Even as Delhi government revised its orders proscribing the sale of chewable tobacco products...
Even as Delhi government revised its orders proscribing the sale of chewable tobacco products, the high court’s decision on a plea filed by another company has come as a blow to the officials who are now worried how they should go about implementing the ban.
According to officials, Delhi High Court on April 8 had restrained it from taking any coercive action against a manufacturer who had appealed against the ban following which the ban notification was revised.
“There was a misconception that the court had stayed the government notification, but the instructions were for not taking any coercive action against the petitioner. Tobacco traders were under the impression that the notification has been stayed by the court,” said Dr S K Arora, Additional Director in the Delhi government’s department of health.
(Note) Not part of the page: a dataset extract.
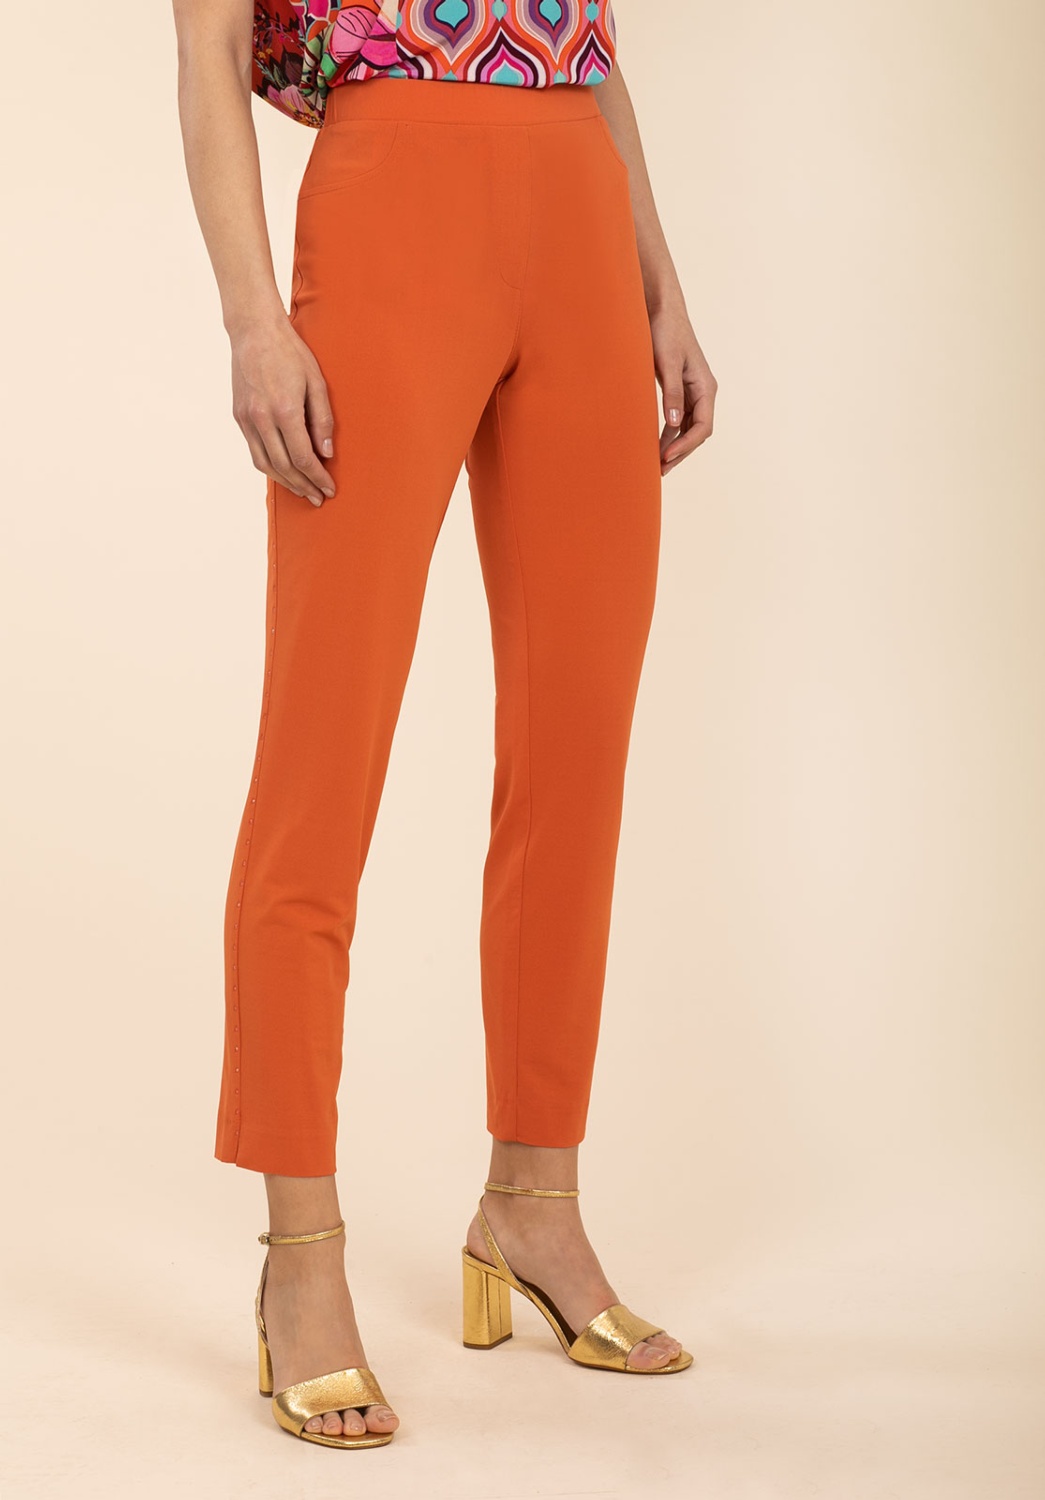 Pantalon orange à strass 1

“That is why on Friday, we revised the instructions as per court directives and asked the district nodal officers to enforce the ban on chewable tobacco with the instruction that they should not take any coercive action against the petitioner.
“But, now, with the new directive having been issued, we are worried how to implement such an important notification for which we have struggled hard for nearly two years and which is very much in the public interest,” he said.
The high court on Friday sought the Delhi government’s response on a plea by tobacco manufacturers against the ban on the sale of chewable tobacco in Delhi while restraining it from taking any action against sellers till the next date of hearing on May 20.
“The respondent should not take any coercive action against the sellers and the manufacturers till the next date of hearing,” the judge had said.
Dr Arora said that the health department will once again revise the instructions as per the court directives.
The court’s notice was issued on a plea by another manufacturer, which has sought quashing of the notification by the Arvind Kejriwal government banning sale, purchase and storage of all forms of chewable tobacco, including “gutkha, khaini and zarda” in the national capital.
The high court is hearing a similar plea by a second manufacturer seeking quashing of the said notification.
Delhi Health Minister Satyendra Jain had banned the sale, purchase and storage of chewable tobacco from March 30 in the national capital, saying that enforcement teams of Delhi Police as well as health department have been asked to conduct surprise inspections across the city to ensure that the ban is implemented.
However, no such ban was enforced on cigarettes.
Health officials have said there was a Delhi government notification of September, 2012, in pursuance of a series of directions from Supreme Court to ban gutkha in the city.
But since the ban mentioned the term “gutkha”, tobacco retailers started selling the components of gutkha (betel nut and raw tobacco) in separate pouches. So, the purpose behind the ban was not served.
Thereafter, the health department last year started work on a new proposal to ban all raw chewable tobacco products in Delhi, a government official had said.